Ari glances down at her ill-fitting jeans from a shabby consignment store, at the sturdy but unattractive boots Alice bought for her. She does not fit in here. Each elegant street she crosses makes her throat a little drier.
When she finally reaches the Amera, her palms are sweaty and her lips pinched. What if it's a trick, or a test, or no one's there?She considers turning around and leaving. Careless. Careless, I was careless. But she has come this far, and she will not turn back. Already she can see the shadowy figure of a person.

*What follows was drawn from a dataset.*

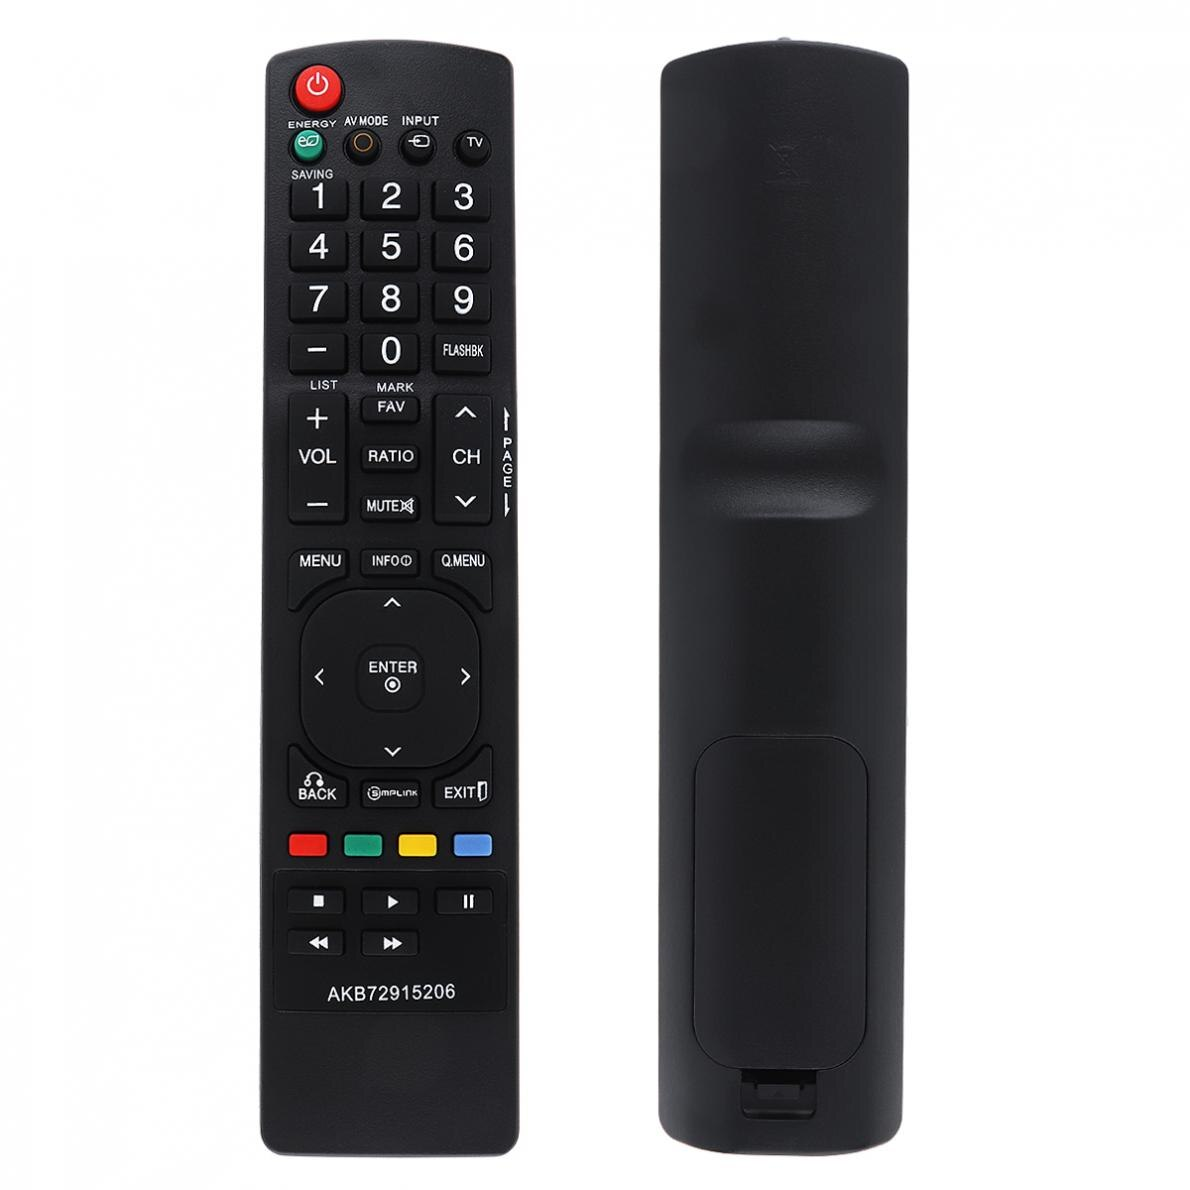 Negro 433MHZ IR Smart TV Control remoto adecuado para LG AKB72915206 / AKB73655806 / AKB72915266 TV batería no está incluida
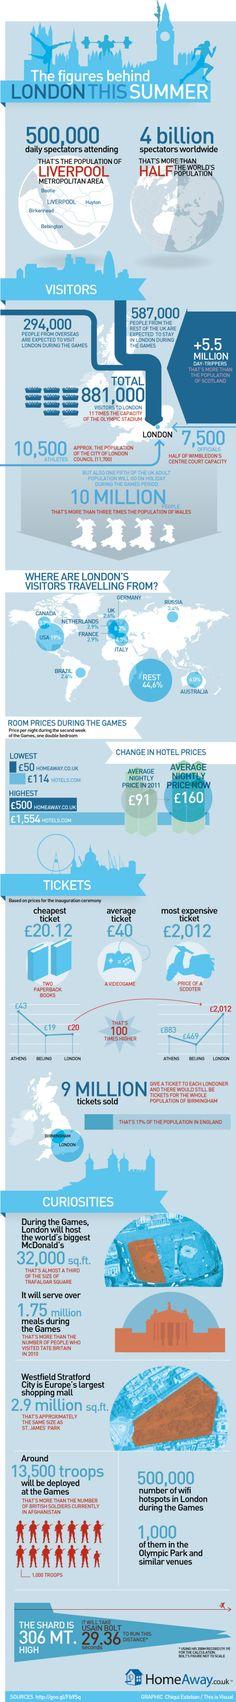 15. London 2012 info graphic

A man leans against the wall outside of the restaurant, his arms at his sides, his gaze watchfully sweeping the street. He wears an impeccable gray suit and holds a black briefcase like a weapon. His eyes fix on her, then widen.
"You're Ariel," he says. It isn't a question. He proffers a swarthy hand, which she takes. His grip encloses her small hand. "You came after all. I was afraid you wouldn't."
There is something powerfully magnetic about this man, and Ari feels compelled to tell him the truth. "I almost didn't."
"Oh, Ariel, that would have been a shame. I have your best interests at heart. You know that, right?"
She looks him up and down, her gaze lingering on his neatly trimmed beard, his abundant but graying black hair, his thin neck long and unexpectedly elegant like a swan's. Why would such a man want to help her? "I don't know you," she says. "Are you...part of some kind of organization that helps biotics?"
"Ahh..." He makes a sound deep in the back of his throat, as if pained. "Doesn't know me, she says. Me. After I spent all this time looking for her, searching for her, trying to save her. Ariel -" he takes her other hand in his own, and she notices his fine-boned fingers, so like her mother's - "I'm your family."
She gasps, remembering all her mother's stories of an extremist who hounded her until she left the planet. A man who threatened to kill her when she married Caleb, a kafir. A non-believer. This man with a weak chin and fiery but kind eyes seems completely unlike the monster she had been led to expect.
"I'm your grandfather, Ariel. I'm Sohrab." He looks at her, then crushes her to him in a hug. She tenses, then lets her cheek rest on the silken material of his clothing. "And you're home."
A/N: I know 16 is a little old for a biotic to be manifesting, but Ari isn't a particularly strong one, so I figured that might explain why. Just...just go with it.